Bases: ITripletLossWithMiner

This class combines Miner and TripletLoss.

__init__(margin: ~typing.Optional[float], miner: ~oml.interfaces.miners.ITripletsMiner = <oml.miners.inbatch_all_tri.AllTripletsMiner object>, reduction: str = 'mean', need_logs: bool = False)[source]
Parameters
  • margin – Margin value, set None to use SoftTripletLoss

  • miner – A miner that implements the logic of picking triplets to pass them to the triplet loss.

  • reductionmean, sum or none

  • need_logs – Set True if you want to store logs

forward(features: Tensor, labels: Union[Tensor, List[int]]) Tensor[source]
Parameters
  • features – Features with the shape [batch_size, feat]

  • labels – Labels with the size of batch_size

Returns

Loss value

SurrogatePrecision

class oml.losses.surrogate_precision.SurrogatePrecision(k: int, temperature1: float = 1.0, temperature2: float = 0.01, reduction: str = 'mean')[source]

Bases: Module

This loss is a differentiable approximation of Precision@k metric.

The loss is described in the following paper under a bit different name: Recall@k Surrogate Loss with Large Batches and Similarity Mixup.

The idea is that we express the formula for Precision@k using two step functions (aka Heaviside functions). Then we approximate them using two sigmoid functions with temperatures. The smaller temperature the close sigmoid to the step function, but the gradients are sparser, and vice versa. In the original paper t1 = 1.0 and t2 = 0.01 have been used.

__init__(k: int, temperature1: float = 1.0, temperature2: float = 0.01, reduction: str = 'mean')[source]
Parameters
  • k – Parameter of Precision@k.

  • temperature1 – Scaling factor for the 1st sigmoid, see docs above.

  • temperature2 – Scaling factor for the 2nd sigmoid, see docs above.

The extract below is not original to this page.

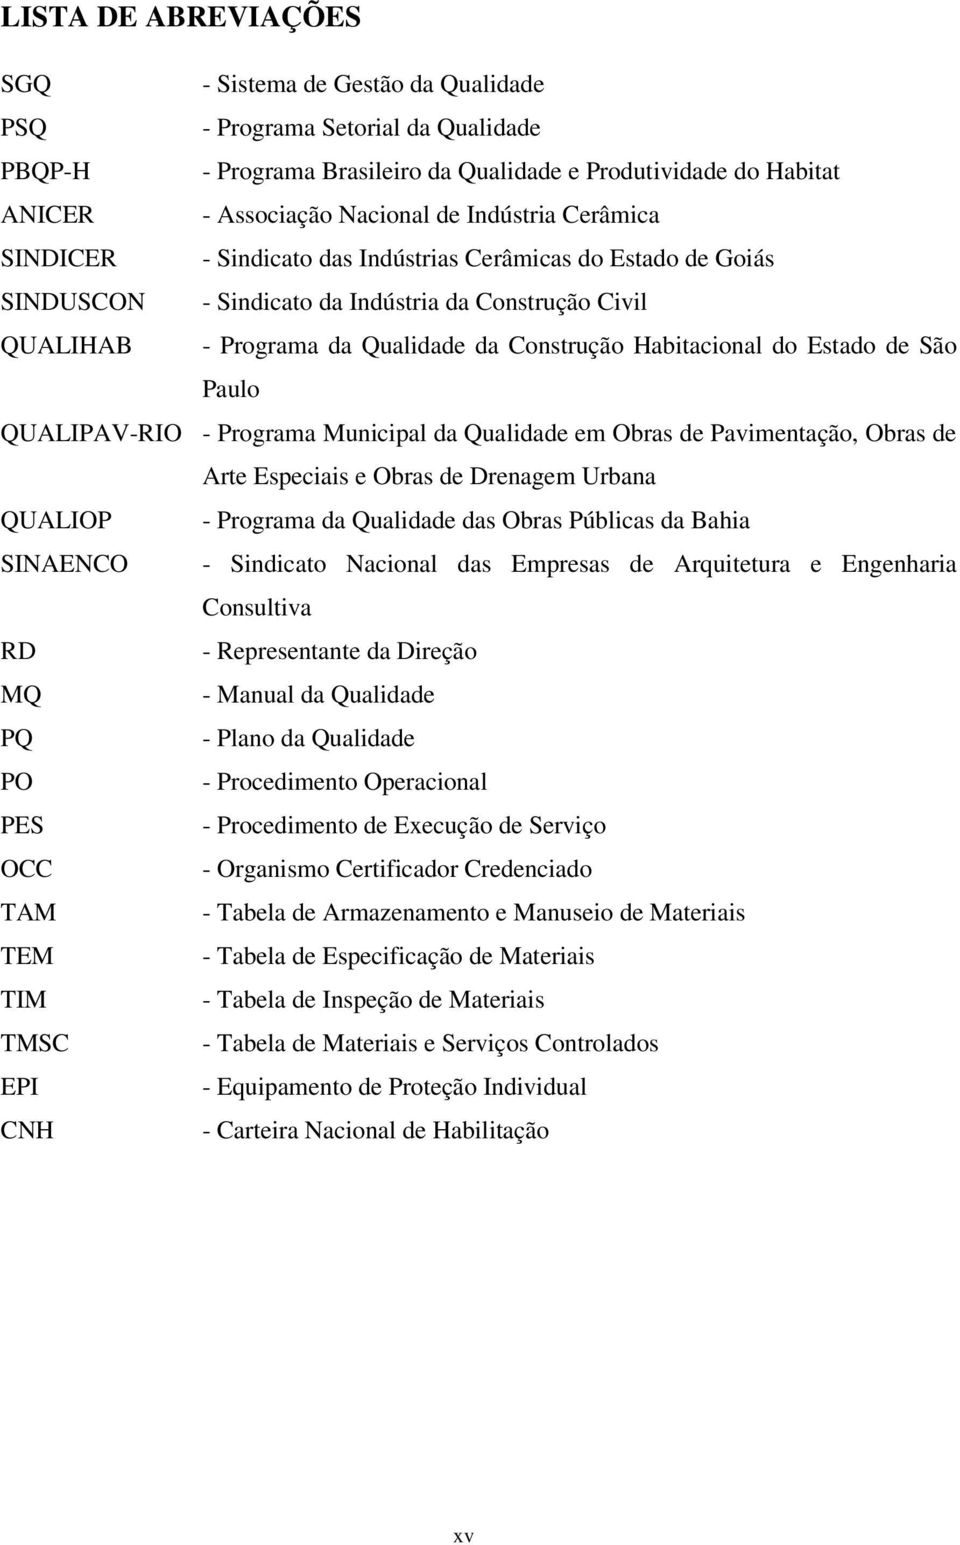 do Estado de São Paulo QUALIPAV-RIO - Programa Municipal da Qualidade em Obras de Pavimentação, Obras de Arte Especiais e Obras de Drenagem Urbana QUALIOP - Programa da Qualidade das Obras Públicas

  • reductionmean, sum or none

forward(features: Tensor, labels: Tensor) Tensor[source]
Parameters
  • features – Features with the shape of [batch_size, feature_size]

  • labels – Labels with the size of batch_size

Returns

Loss value

ArcFaceLoss

class oml.losses.arcface.ArcFaceLoss(in_features: int, num_classes: int, m: float = 0.5, s: float = 64, smoothing_epsilon: float = 0, label2category: Optional[Dict[Any, Any]] = None, reduction: str = 'mean')[source]

Bases: Module

ArcFace loss from paper with possibility to use label smoothing. It contains projection size of num_features x num_classes inside itself. Please make sure that class labels started with 0 and ended as num_classes - 1.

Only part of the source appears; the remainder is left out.